Тропка вилась через сосновый подрост. Бой деловито трусил впереди, распушив задранный полумесяцем хвост. Антона всегда удивляло богатство его сигнальной системы. У других собак он или висит палкой, или раз навсегда свернут бубликом. У Боя он был подвижен и бесконечно разнообразен. Он мог вилять одним кончиком, молотить из стороны в сторону, мотаться по кругу, вытягиваться горизонтально, если Бой шел по следу, задираться вверх вот таким веселым полумесяцем, если шли на прогулку, но, если он поднимался, распушившись, и где-то с половины заламывался вниз, следовало быть начеку значит, Бой видел или чуял врага и в любую секунду мог ринуться в атаку...
- Боя ты и дома видишь, лучше по сторонам смотри, - сказал Федор Михайлович.

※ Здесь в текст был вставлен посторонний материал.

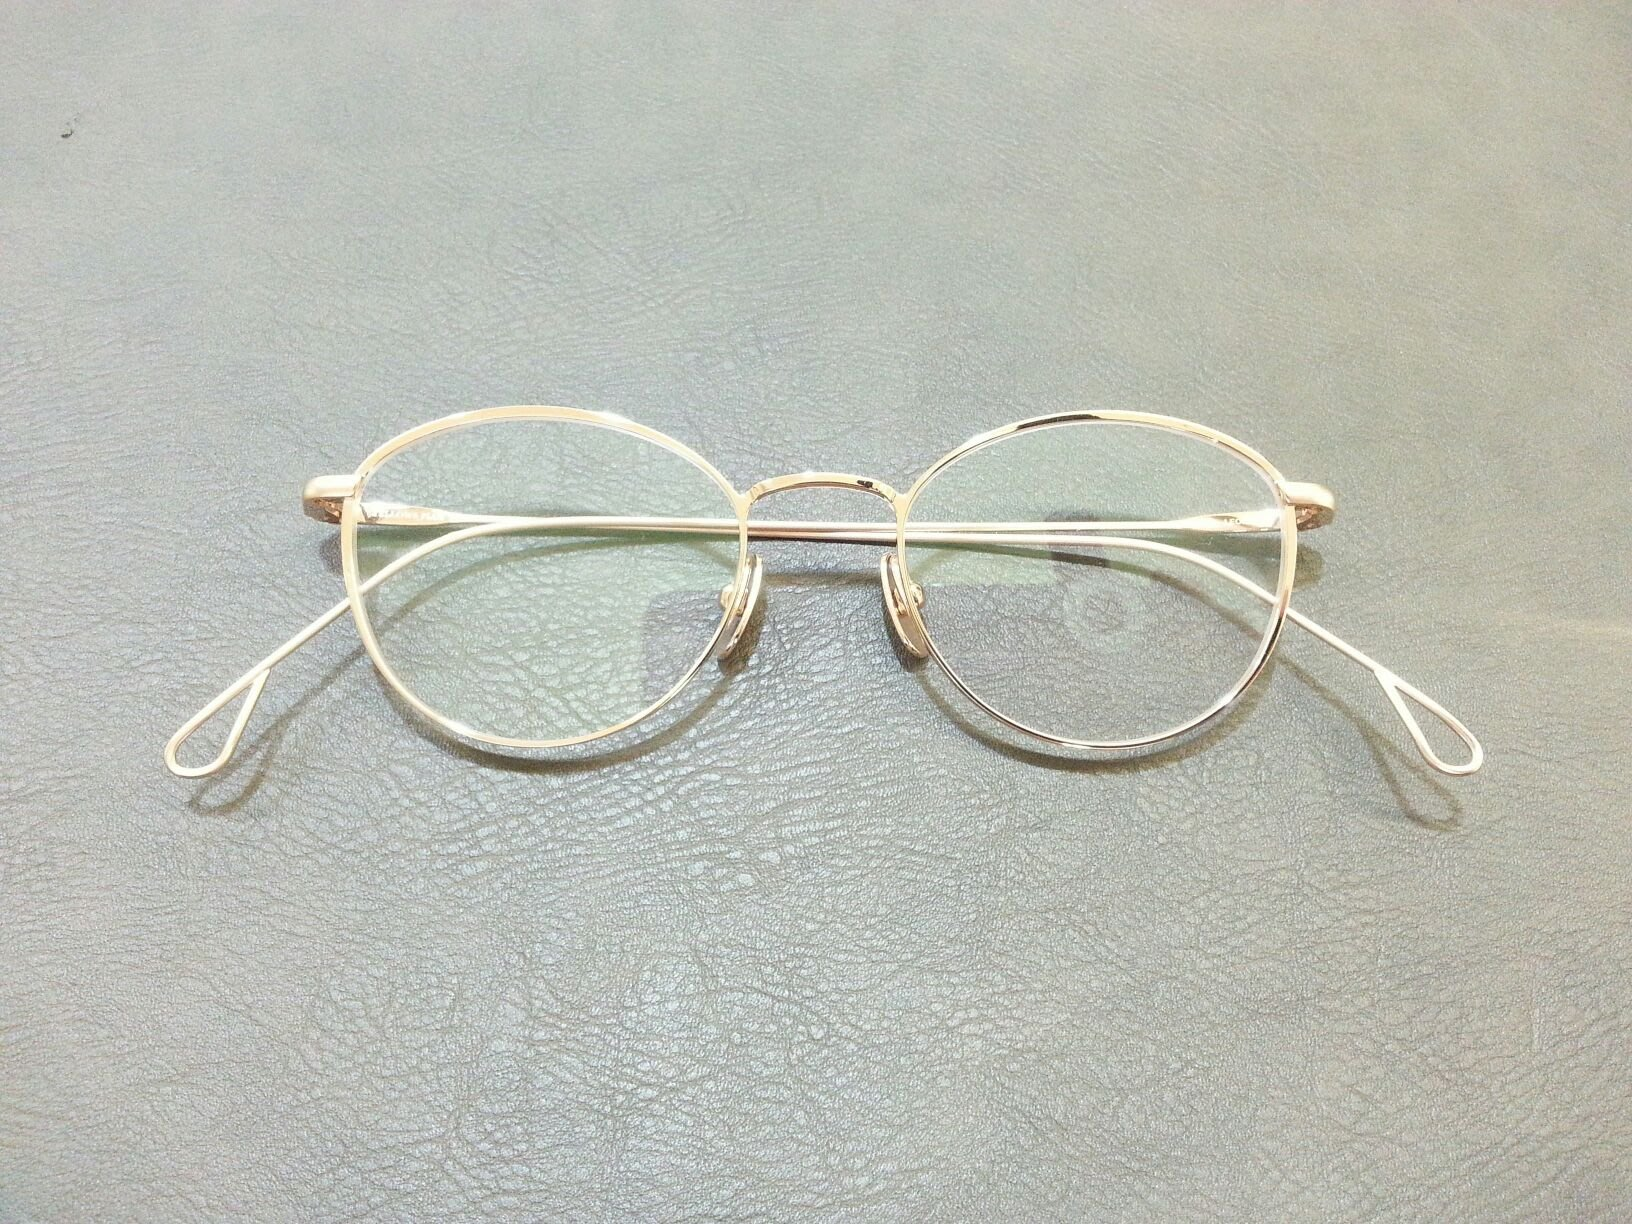 YELLOWS PLUS LEONA 純鈦金屬 日本手工眼鏡  玫瑰金色

Сосновый подрост кончился, вместе с ним исчезло и солнце. Они вступили в грабовый лес. Перед ними были только голые серебристо-серые или темные трещиноватые стволы. Кроны смыкались наверху в сплошной мрачный заслон. На земле ни кустика, ни травинки - только жухлые, полусгнившие листья да изредка отпавшая тонкая веточка. Буйная веселая зелень, удушливый терпкий зной сосновой рощи остались позади. Здесь было сумрачно, прохладно и сыро. Лес до краев залила гулкая тишина. Шорох листьев, треск ветки под ногами казались оглушительными.
Бой уже не бежал, а шагал пружинным шагом, сторожко поворачивая голову из стороны в сторону. Но вокруг все было немо и неподвижно, их окружали лишь редкие и прямые, как колонны, стволы.
Тропка свернула к опушке. Между стволами стали видны узкие, как стрельчатые окна, просветы голубого неба. Легким дымком поднимались от земли испарения, клубились и таяли под прорывающимися в чащу косыми столбами солнечного света.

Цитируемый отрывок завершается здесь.